Robles G., Febbo M., Machado S.P., García B. (2020) Piezoelectric Energy Harvesting System to Detect Winding Deformation in Power Transformers. In: Ball A., Gelman L., Rao B. (eds) Advances in Asset Management and Condition Monitoring. Smart Innovation, Systems and Technologies, vol 166. Springer, Cham.
Open Access available at https://link.springer.com/content/pdf/10.1007%2F978-3-030-57745-2.pdf
Abstract – One common use of energy harvesting systems is the installation on applications where the access to conventional sources of energy is difficult due to availability, space constraints, environmental hazards or sealed equipment. In this work, we propose an alternative use of an energy harvesting system based on a piezoelectric that takes the vibration of a transformer tank due to winding deformations and hence helps to monitor the condition of the equipment. The system consists on a cantilever piezoelectric beam with a mass tuned to the resonant frequency of the vibration. The output of the piezoelectric is connected to a quadrupler, a low-drop regulator and a capacitive storage. The harvested voltage is planned to supply a low power microprocessor that detects changes in the vibration measurements to determine an abnormal behavior of the transformer. This work introduces the causes of abnormal vibration of transformers, describes the installation of the piezoelectric on a model that generates the same acceleration as the vibration of a transformer tank and studies the capability of charging capacitors to determine the feasibility of the method.

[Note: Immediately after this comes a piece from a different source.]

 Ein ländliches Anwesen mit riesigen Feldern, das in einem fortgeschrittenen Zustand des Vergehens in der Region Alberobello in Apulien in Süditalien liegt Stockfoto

Keywords – Condition monitoring, Energy harvesting, Piezoelectrics, Power transformers, Vibration analysis
Muhammad Shafiq, Guillermo Robles, Amjad Hussain, Kimmo Kauhaniemi, Matti Lehtonen, Identification and Location of Partial Discharge Defects in Medium Voltage AC Cables. 5 August 2019. Proceedings of the 26th Nordic Insulation Symposium NORD-IS, Trondheim (Norway), pp 22-27. ISSN 2535-3969.
Open access available athttps://doi.org/10.5324/nordis.v0i26.3269
Abstract – The presence of partial discharge (PD) in electrical equipment is the confirmation or indication of an ongoing degradation of its dielectric insulation. PD study is a widely used tool for condition monitoring of medium voltage (MV) cables. The location of the defects can be considered as one of the most important tasks of diagnosis in underground installations of MV cables. A lot of references can be found on the location of single PD sources along the cable. However, several PD defects can be active simultaneously along a cable section. This paper presents an experimental study on a MV cable having two PD sources and noise. Adopting one end measurement technique, a high frequency current transformer (HFCT) is used to capture the PD current pulses. A simple approach of identification of the PD signals originated from different PD sources is presented based on wave-shape study along with a time domain reflectometry analysis. The presented measurement methodology and time domain analysis technique provides a convenient way for detection and location of more than one PD sources along a cable section.
M. G. De La Calle, J. M. Martínez-Tarifa, Á. M. Gómez Solanilla and G. Robles, “Uncertainty Sources in the Estimation of the Partial Discharge Inception Voltage in Turn-to-Turn Insulation Systems,” in IEEE Access, vol. 8, pp. 157510-157519, 24 August 2020.
Electronic ISSN: 2169-3536
Abstract — Partial discharges (PD) are one of the main causes of premature failure in low-voltage motors driven by variable-speed drives. The use of these control systems are being quite extended due to new applications, such as the more electric aircraft (MEA) or hybrid and electric vehicles, and this has pushed research towards appropriate designs of electric motors to avoid, as much as possible, the presence of PD within their windings. This article presents a model to predict the partial discharge inception voltage (PDIV) in the insulation of low-voltage machines. A value for the secondary ionization coefficient based on a statistical study is also proposed. The deviations of the model are also studied by obtaining the uncertainty of the value of that coeficient and the predicted values of the PDIV for a set of wires. This uncertainty will be compared with other error sources such as generator harmonics and humidity. Finally, the tests are done for different temperatures extend the model applicability.
Keywords — Insulation design, inverter-fed machine, partial discharges, Paschen’s law, temperature, Townsend’s coefficients.